Что-то в ее голосе поразило его.
Он вскинул на нее вопросительный взгляд.
— А вы не обижаетесь? Мне ведь передавали, что вы приезжали в Городок и не застали меня. И вот опять как нескладно получается!
Антонина улыбнулась редкой у нее, глубоко запрятанной улыбкой.
— Поезжайте, поезжайте, — только и сказала она.
Она первая направилась к двери, обернулась на пороге, видимо, для того, чтобы добавить еще что-то, и опять ее встретил его взгляд, словно он ни на секунду не отрывался от нее. Когда два человека посмотрят в глаза друг другу, что они видят?
Вернувшись домой, Антонина отодвинула задвижку, которой прикрывала дверь, если уходила надолго, и задумчиво остановилась посреди комнаты.
Уже недалеко было до осеннего равноденствия, но зори, все еще не потухая, стояли в небе. Антонина не стала зажигать лампу, чтобы сохранить иллюзию этого длящегося без конца дня. У нее было такое ощущение, что с отъездом Якушонка что-то оборвалось, и вот теперь неизвестно, за что приняться.

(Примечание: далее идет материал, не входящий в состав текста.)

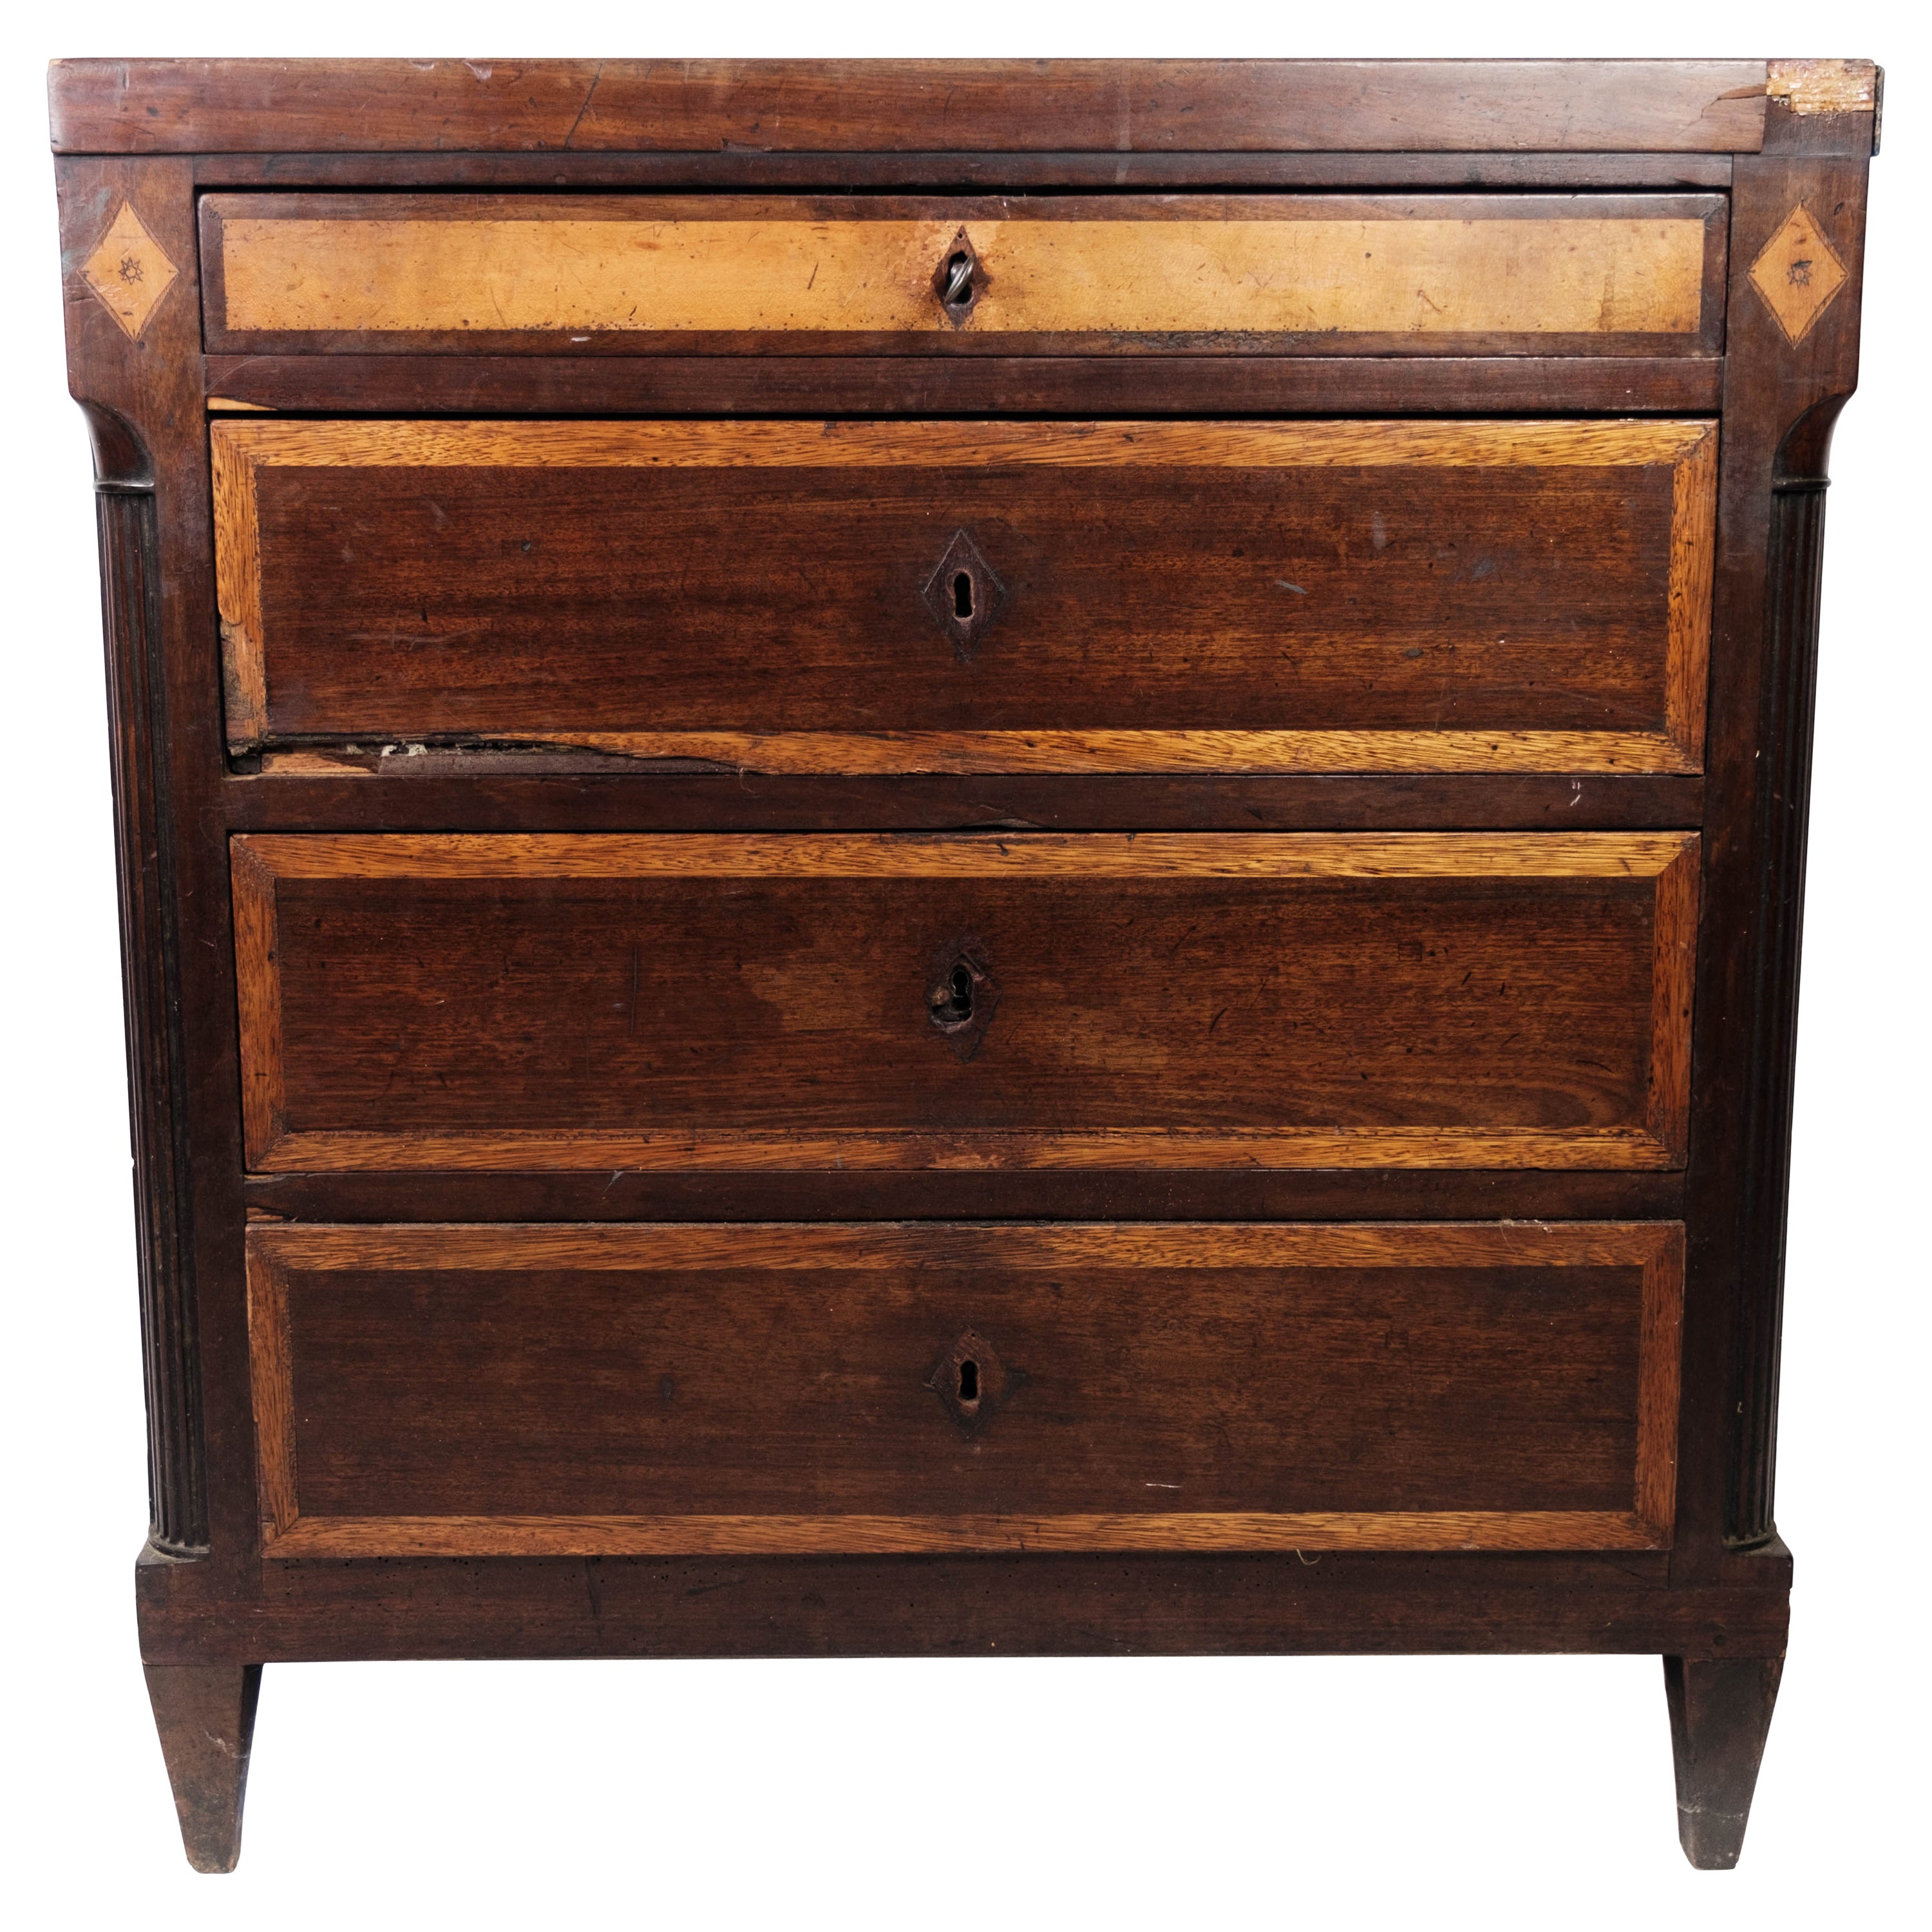 Louis Seize Chest of Drawers Made In Mahogany With Inlaid Wood From 1790s For Sale

— Ничего тут не случилось без меня? Никто меня не спрашивал? — окликнула она Каню со смутной надеждой, что какая-нибудь забота оторвет ее от этого одинокого вечера.
Санитарка отозвалась беспечно:
— А нет же, никто.
Канино полное имя было Катерина, и первое время Антонине все хотелось назвать ее Катей, Катюшей, но здесь это было не принято, и понемногу Антонина привыкла к странному имени, как привыкают ко многому, когда вживаются в чужую жизнь и она становится как бы уже своей собственной.
— Я ухожу, — сказала Каня, появляясь под окном. Она была разодета для гулянки: в белую кофточку и вышитый крупными желтыми цветами корсаж, кружевной передник, из-под которого выглядывали ее неутомимые смуглые ноги. — Говорили, что будете гладить? Так я оставила углей на загнетке.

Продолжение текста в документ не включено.